CD4+ T cells are critical immune effector cells, and alteration in their function has grave consequences on inflammatory responses and immune tolerance [39]. More recently, increasing experimental and epidemiology studies have shown that the AhR plays an important role in immune functions, particularly in the realm of CD4+ T cell-mediated inflammation [17, 21].

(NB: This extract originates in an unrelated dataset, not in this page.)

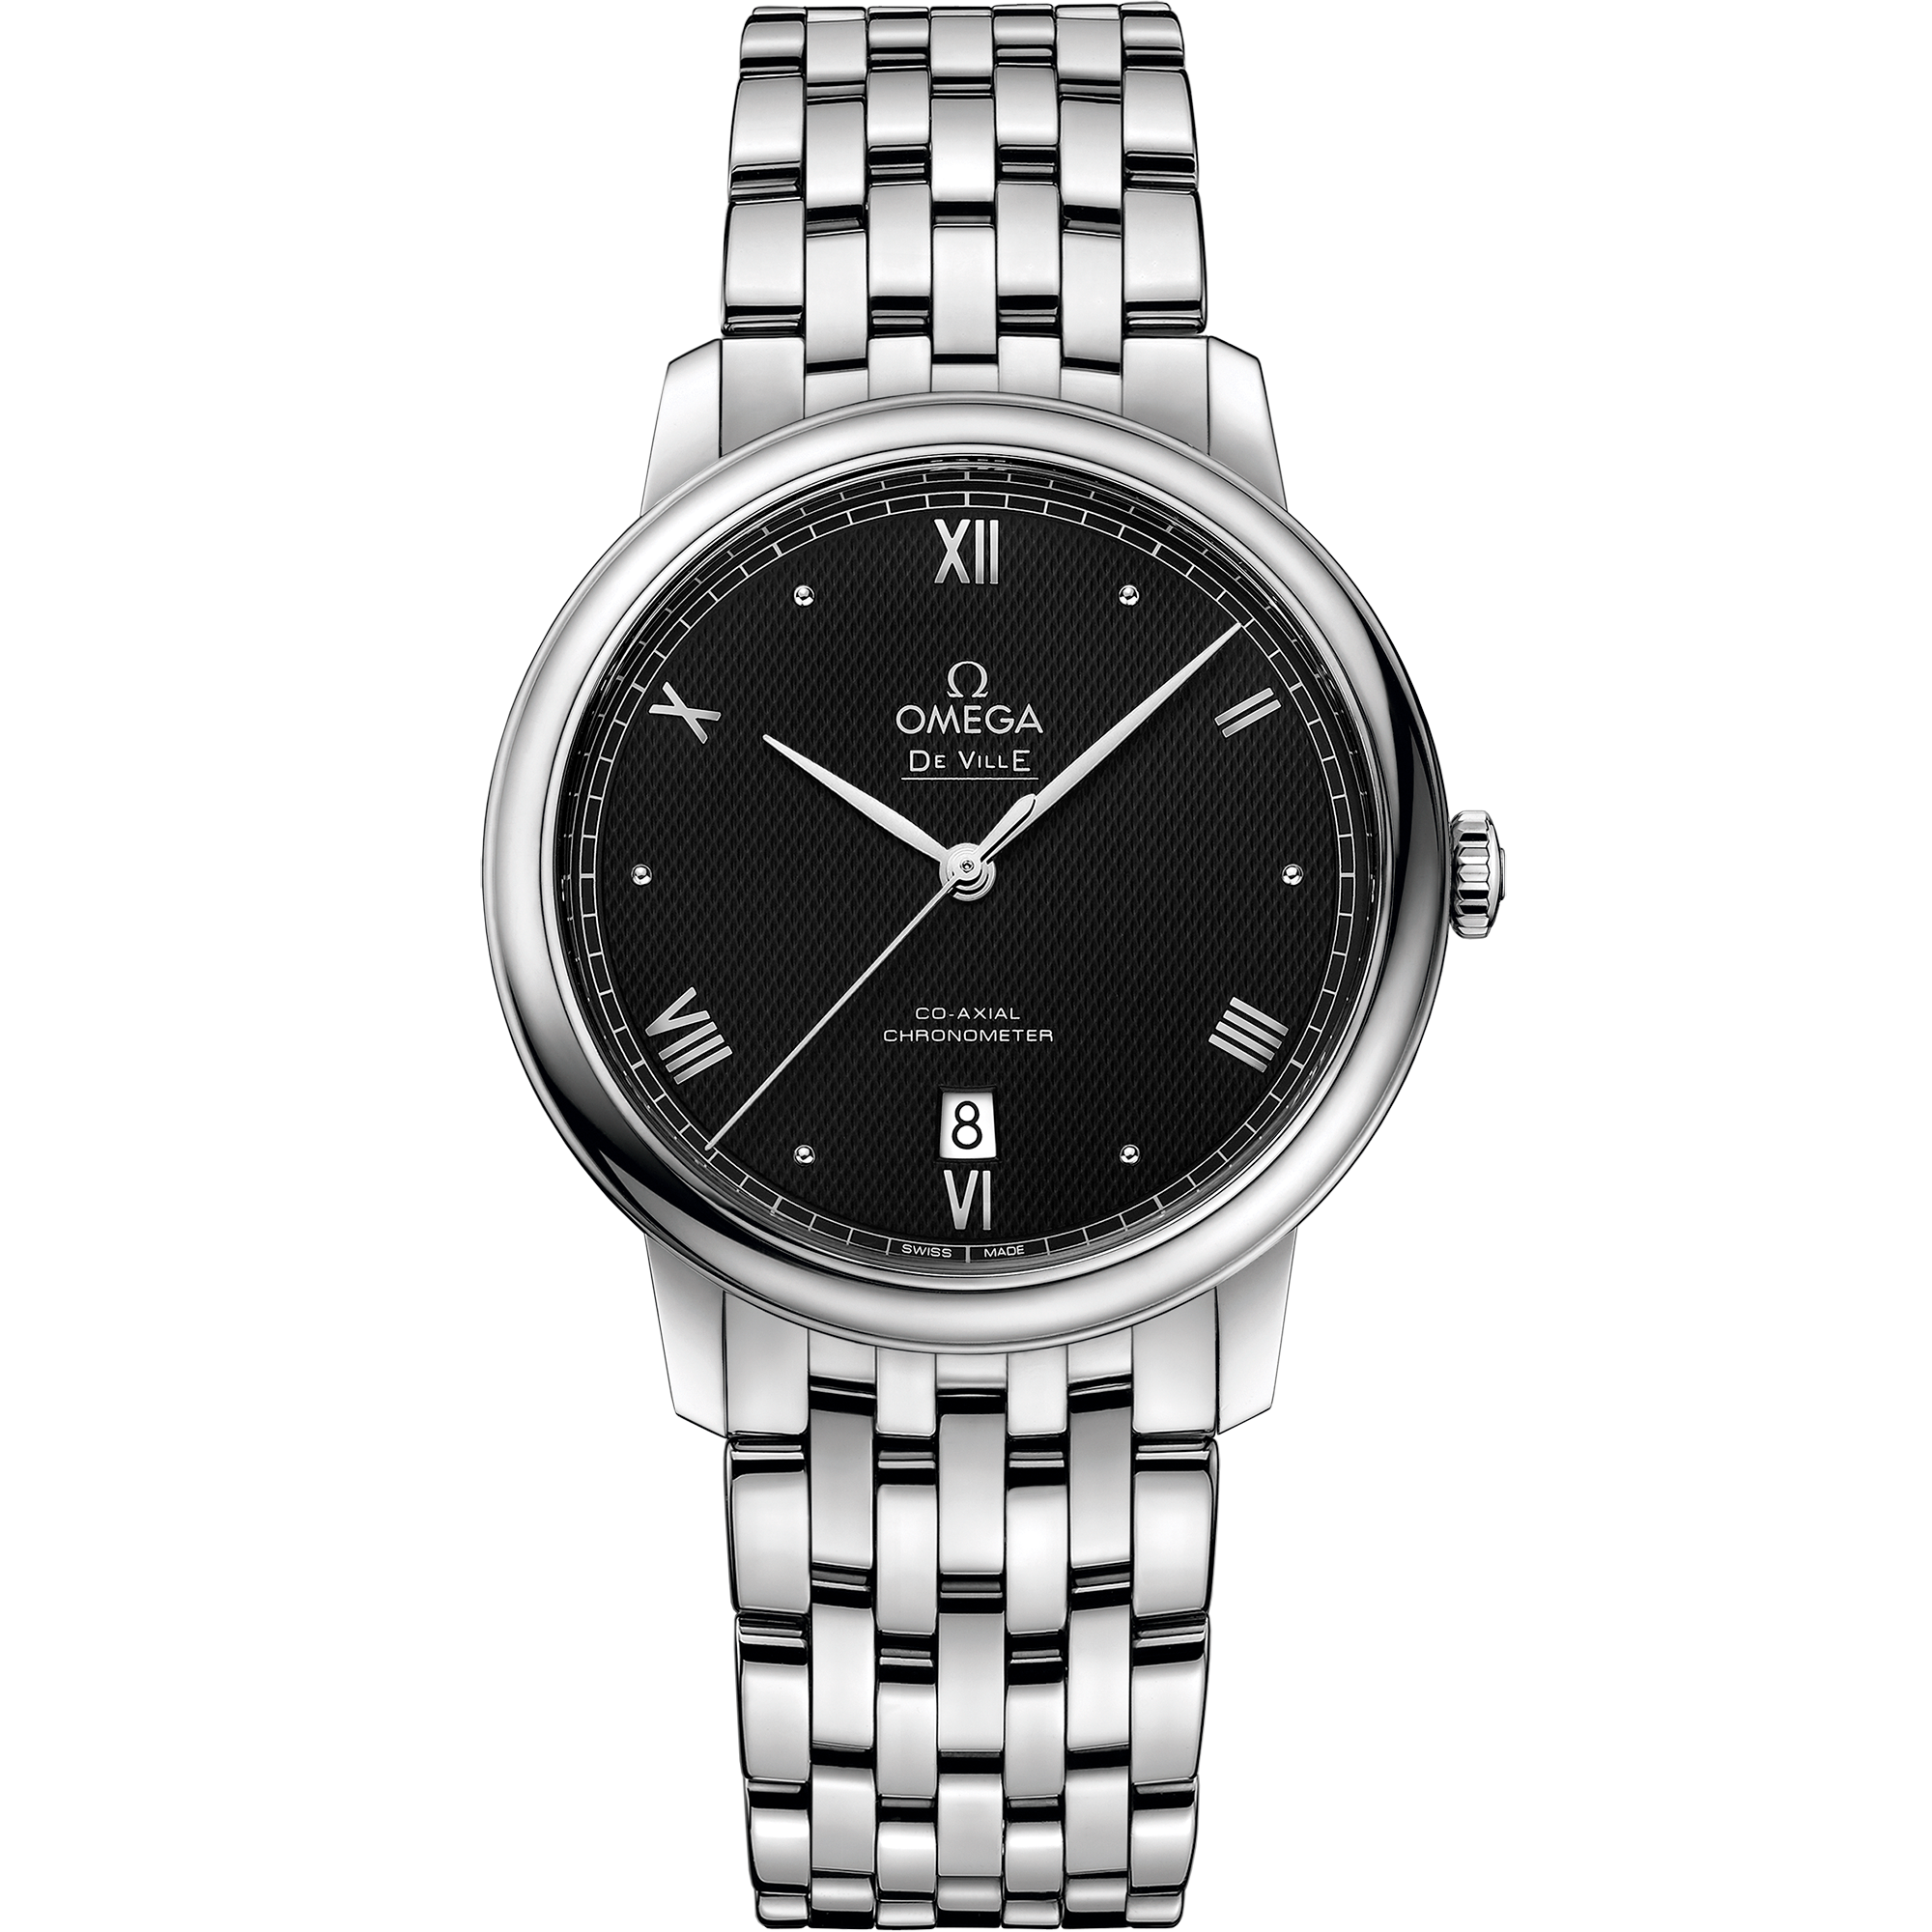  dial watch on Steel case with Steel bracelet - De Ville 39.5 mm, steel on steel - 424.10.40.20.01.002
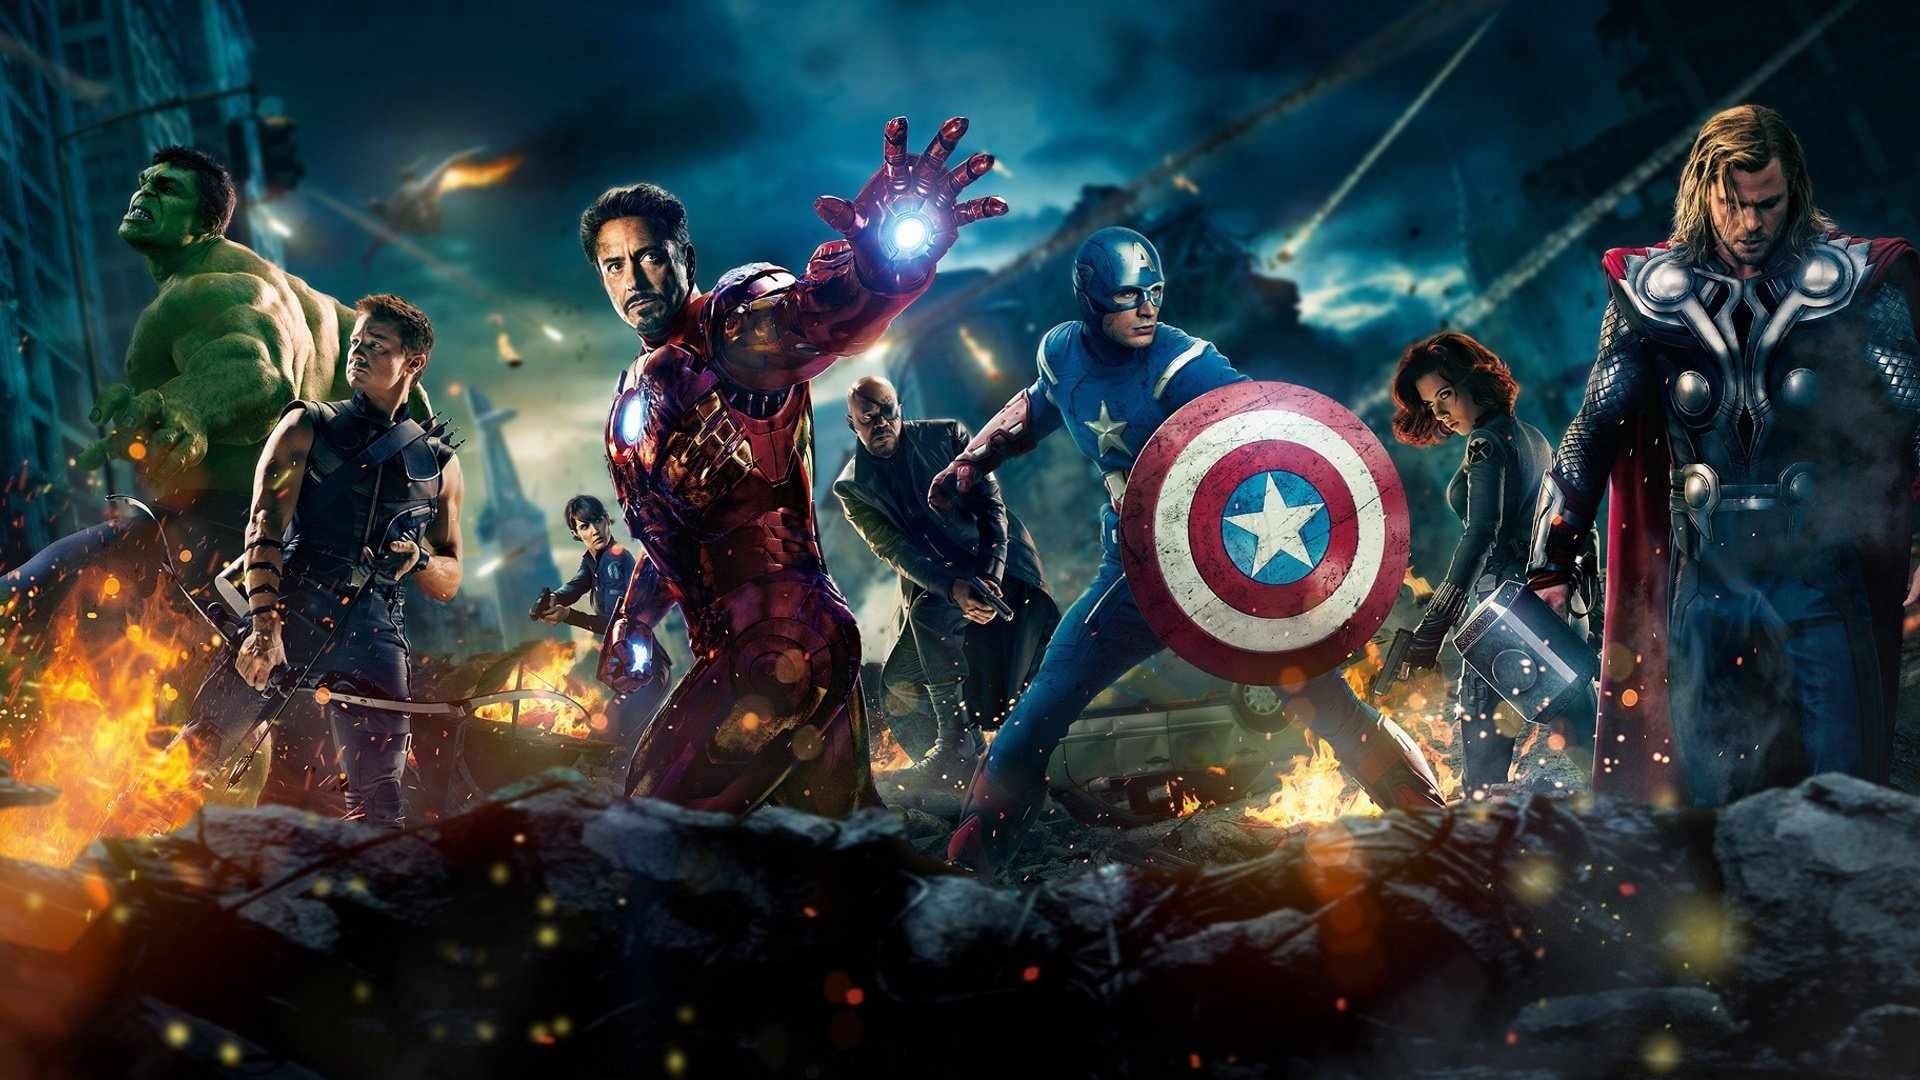 Marvel's The Avengers (2012)

AhR activation by TCDD promotes the differentiation of Foxp3+ Tregs in vivo and in vitro [21, 27]. IL-10-secreting T regulatory type 1 (Tr1) cells are an important subset of CD4+ T cells that control excessive inflammation and autoimmunity by inhibiting the functions of antigen-presenting cells and antigen-specific effector T cells [40]. TCDD-mediated AhR activation in CD4+ T cells directly changes the expression of genes such as IL-10, CTLA4, CD39 and GITR, and promotes CD4+ T cell differentiation into Tr1 cells [41,42,43,44]. In contrast to an increase in Tregs by TCDD, another high-affinity AhR ligand, FICZ, has been reported to enhance Th17 responses and exacerbate immune-mediated diseases in several mouse models [21, 45]. These seemingly contradictory results may be related to the activation strength of the AhR signal. New studies find that low doses of AhR ligands (TCDD, FICZ) did not induce Tregs nor alter the alloresponse, but instead increased the percentage of CD4+ T cells that produce IL-17. When administered at high doses, TCDD and FICZ induced Tr1 cells and increased Foxp3+ Tregs in conjunction with suppression of the alloresponse [46]. These data indicate that AhR has an impact on both Treg and Th17 differentiation, but Tregs may have a greater demand for activation intensity of AhR signal. Th17 is more sensitive to AhR signal, and a small amount of AhR activation can maintain the differentiation of Th17. We speculated that the attenuation of AhR signal in CD4+ T cells has a greater impact on the differentiation of Tregs, resulting in the dominance of Th17 cells.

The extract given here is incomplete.